So I’m left with two problems. I’ve not brought “Category” into play. And I’ve not got a simple output, that fully compares these 3 side by side. I’ve created a Gist with the full source code – it is to long to include here, even by my standards.

Enter, a code rewrite. This time I’m looping through all Categories, then all Authors – finding all News articles that match the Category AND the Author. It completes the setup, and it actually demonstrates one of the slightly more complex situations when using SLDB. Using querying this becomes just another “and” expression.

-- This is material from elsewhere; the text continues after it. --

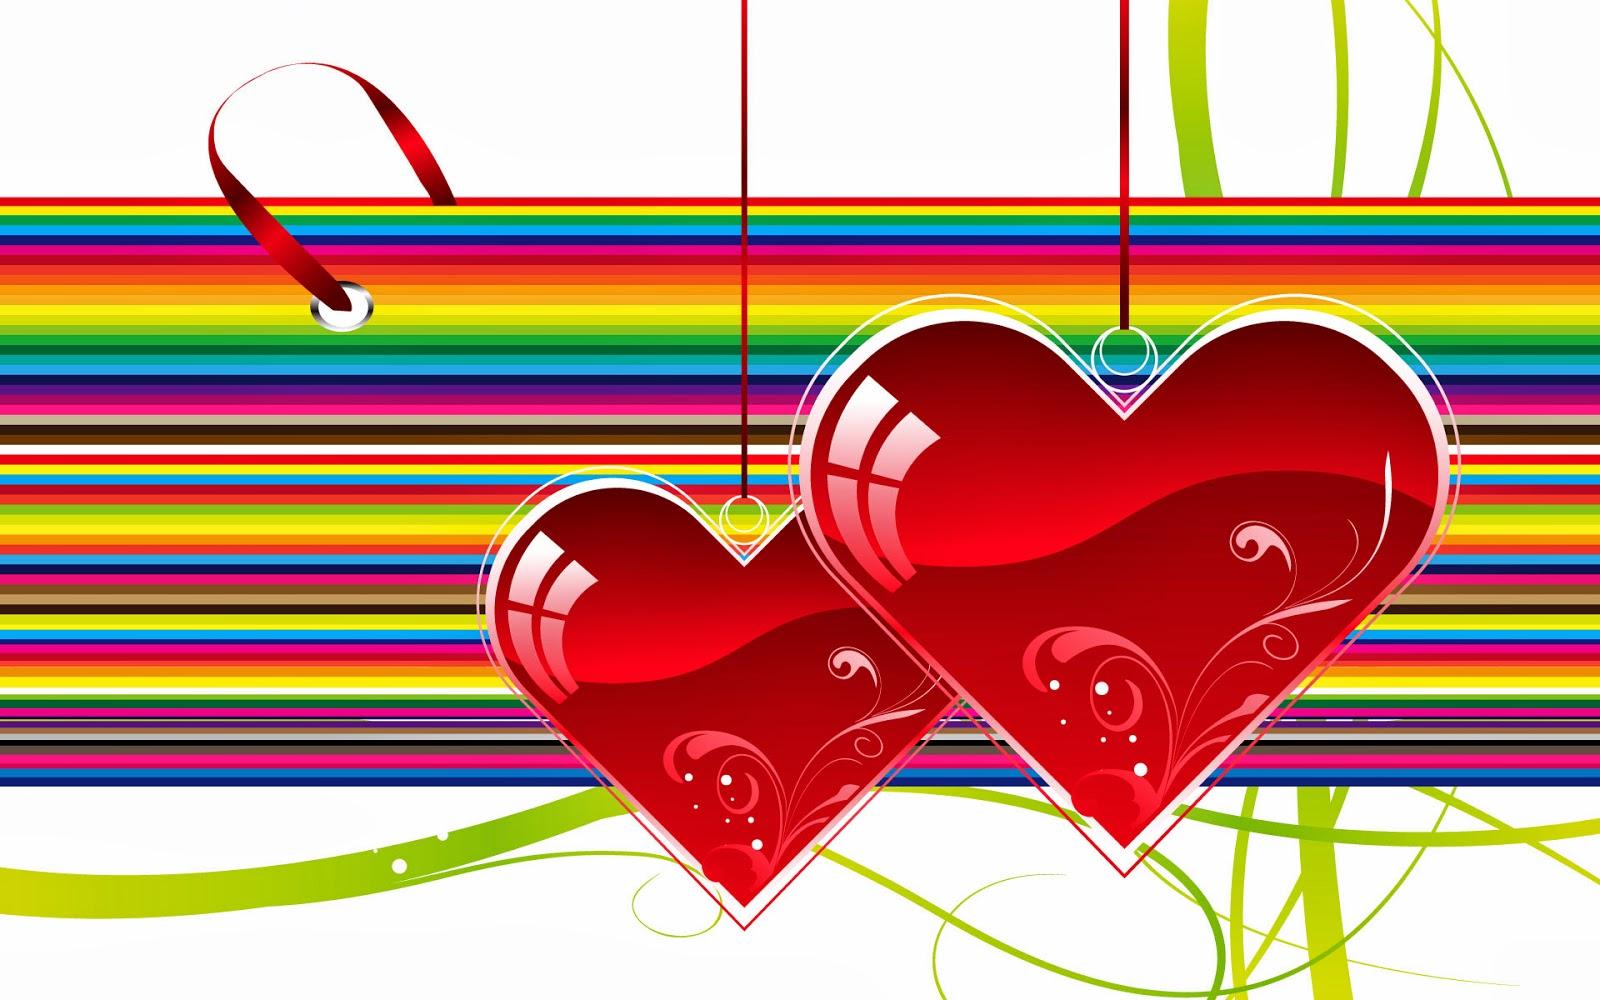 Fondos De Pantalla San Valentin Gratis: HD Wallpapers Gratis: Fondo De Pantalla Dia De San

SLDB code looks like this:

private Item[] GetNewsArticlesSitecoreLinkDatabase(Item newsRoot, Item authorItem, Item categoryItem)
{
    // Note. SLDB version of this actually needs to make 2 lookups. First to find all news articles referencing our author, then all that reference the category.
    // Note #2: Still, my hand is not shaking ;-)

    var authorFieldId = new ID("{438E45E5-9F85-4705-976E-FC76E563F5EF}");
    var categoriesFieldId = new ID("{31D2A6CC-6984-4CA0-BB73-9D39C3B8D0AA}");

    var authorLinks = Globals.LinkDatabase.GetItemReferrers(authorItem, false).Where(al => al.SourceFieldID == authorFieldId).ToList();
    var categoryLinks = Globals.LinkDatabase.GetItemReferrers(categoryItem, false).Where(cl => cl.SourceFieldID == categoriesFieldId).ToList();

    var newsArticles = new List<Item>();
    foreach (var authorIl in authorLinks)
    {
        var categoryIl = categoryLinks.ToList().Find(cl => cl.SourceItemID == authorIl.SourceItemID);
        if (categoryIl != null && categoryIl.SourceDatabaseName == newsRoot.Database.Name)
        {
            newsArticles.Add(categoryIl.GetSourceItem());
        }
    }

    return newsArticles.ToArray();
}

And what do we get?   Well this.

image

It matches up pretty well the results already established. Adding the extra query seems to have added a bit to all of the query execution times – this is completely expected. In relative terms however, I think it is still very clear who the winner is.

2 comments:

Casper Simonsen said...

Hi Mark,

Great comparisson of queries vs SLDB, but I think you are missing an option of sitecore Linq as a basic tool? If we pretend we live in a world where indexing data is not an option, sitecore would still have its own indexes running (sitecore_master_index and sitecore_web_index)?


I haven't testet it, but then something like this would be possible:
private Item[] GetNewsArticlesSitecoreLinkDatabase(Item newsRoot, Item authorItem, Item categoryItem)
{
List newsArticles;
var authorFieldId = new ID("{438E45E5-9F85-4705-976E-FC76E563F5EF}");
var categoriesFieldId = new ID("{31D2A6CC-6984-4CA0-BB73-9D39C3B8D0AA}");

using (var context = ContentSearchManager.GetIndex((SitecoreIndexableItem)newsRoot).CreateSearchContext())
{
newsArticles = context.GetQueryable()
.Where(item => item.GetField(authorFieldId).Value.Contains(authorItem.ID.ToString()))
.Where(item => item.GetField(categoriesFieldId).Value.Contains(categoryItem.ID.ToString()))
.Select(p => p.GetItem())
.ToList();
}

return newsArticles.ToArray();
}

Im not aware where this fits in performance wise, but it should be quite fast and scale well?

Mark Cassidy said...

Hi Casper,

It will indeed scale quite well. It's not an oversight, "Index all things" is still pretty much my motto. I just wanted to show a better approach to getting to items that relate in some way, that did NOT involve any form of Sitecore Query.

The next Decennial post will take a deep dive into indexing :-)